Prenons l’exemple d’une petite société ayant récemment conçu un nouveau modèle et l’ayant protégé auprès de l’INPI qui s’aperçoit qu’elle est contrefaite un peu partout dans sa région et que la plupart des pièces contrefaisantes proviennent de l’étranger. La provision avoisinerait les 15 000 euros auxquels s’ajouteront probablement 25 000 euros de frais.

Qu’est-ce qui vous a amené à ça ? Quel est votre parcours ?

J’ai suivi une formation juridique au départ, mais comme les formations spécialisées n’existaient pas à l’époque, on peut dire que je suis un autodidacte en somme.
De plus, c’est un métier motivant et intéressant au niveau culturel puisque, d’une affaire sur l’autre, vous pouvez passer du milieu de la boulangerie industrielle à celui des brevets informatiques !
Ce n’est jamais répétitif et, même si l’on s’imagine que cela s’effectue dans un bureau, c’est avant tout un métier de terrain, d’investigation et d’analyse. Et cette variété se concrétise par des contacts aussi divers qu’enrichissants.

Y a-t-il une école ? Quelle formation vous paraît nécessaire pour pratiquer ce métier ? Avez-vous des conseils pour les jeunes diplômés qui souhaiteraient vous rejoindre pour exercer cette profession ?

Les facultés ont désormais créé des 3e cycles, notamment des DESS, en intelligence économique et en veille stratégique, parmi lesquelles on peut citer celles de Grenoble ou Toulon-La Garde.

Maintenant, il m’apparaît essentiel de posséder une formation juridique car l’on va manipuler des informations légales à longueur de journée. Idéalement, ce cursus peut aller jusqu’en maîtrise et être complété par l’une de ces récentes formations.
Mais avant tout, je pense que ce métier demande une grande malléabilité et une motivation certaine car l’on doit s’adapter très vite à son nouveau dossier.

Pouvez-vous nous décrire ce marché à l’heure actuelle ?

Cette branche est en pleine émergence en France.
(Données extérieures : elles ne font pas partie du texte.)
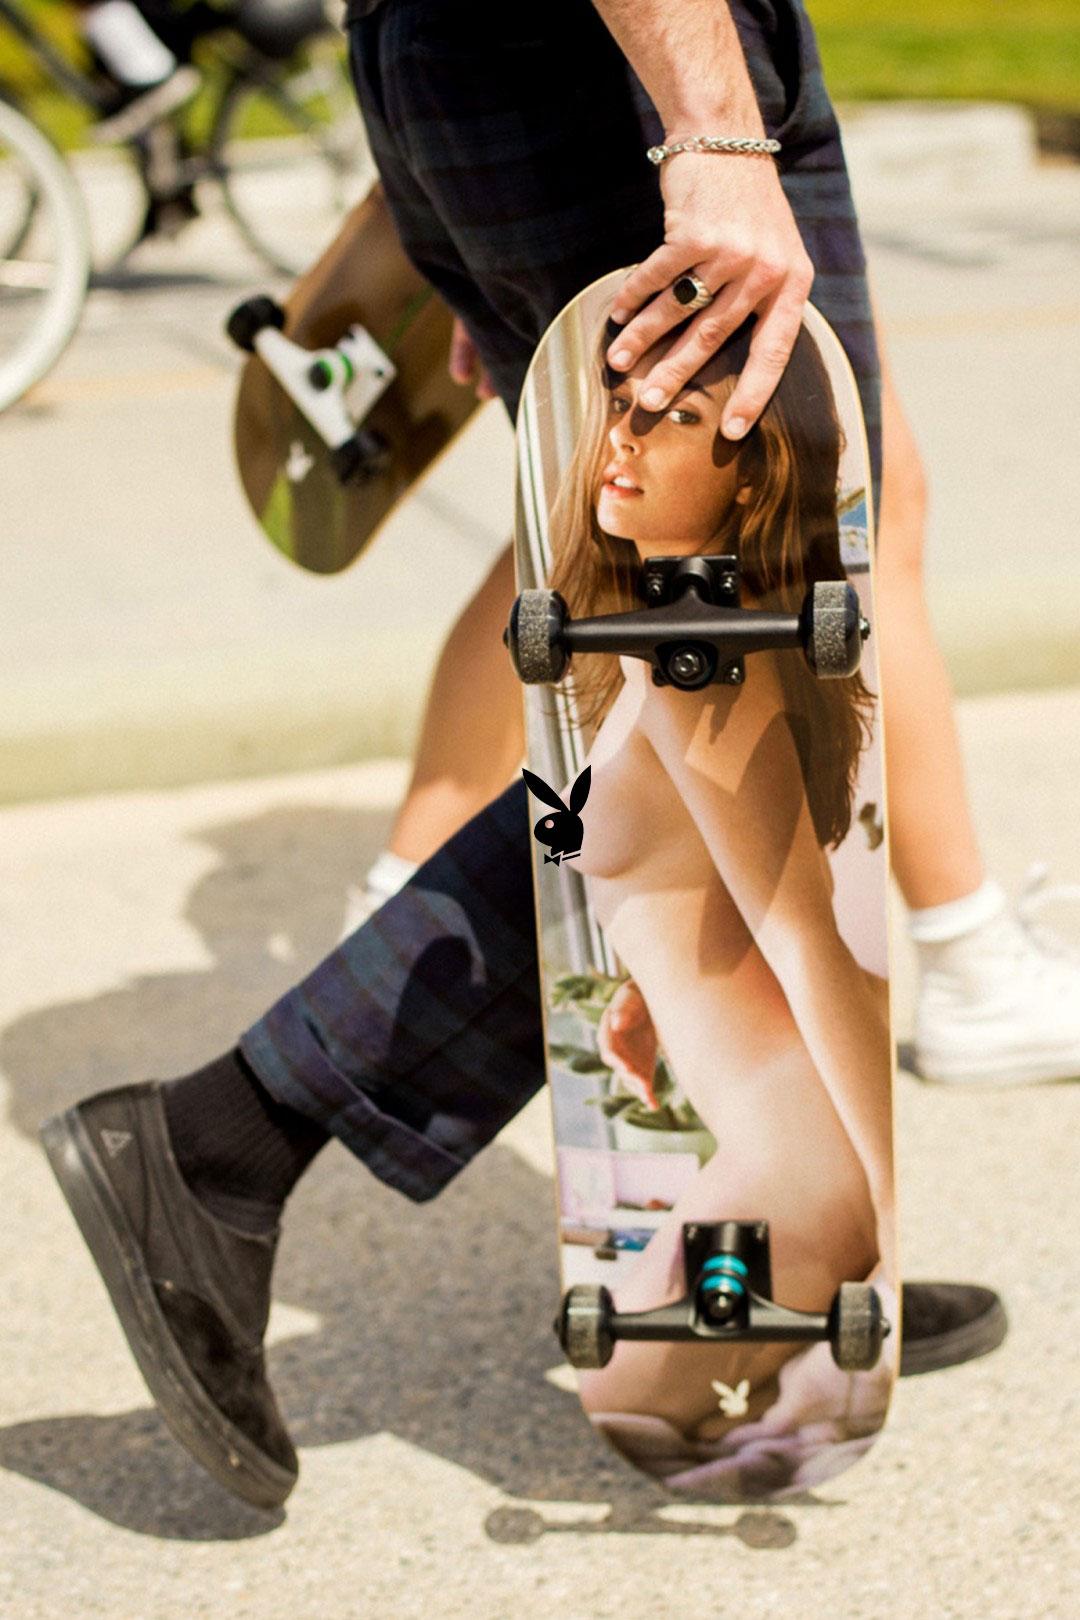 Skateboard-New6_

Il y a donc fort à parier que l’intelligence économique prendra son plein essor d’ici quelques années et devrait être une source d’emploi assez conséquente.

Enfin, quelle est votre sentiment sur la veille en intelligence économique telle qu’elle est pratiquée en France ?

Ce marché est à peine émergent en France mais la prise de conscience des décideurs quant à son importance grandit de jour en jour. Notre pays accuse de sérieuses lacunes dans ce domaine pour le moment mais si l’on suit l’exemple de la Suisse, de l’Allemagne, des Etats-Unis, d’Isra‘l ou de la Corée, qui sont des pays où l’intelligence économique est parfaitement implantée, nous devrions rapidement combler ce retard.
D’autant plus que notre pays est l’un de ceux qui a le plus à y gagner car il est de notoriété publique qu’elle ne sait pas protéger ses idées.

Propos recueillis par Sébastien Guerrero.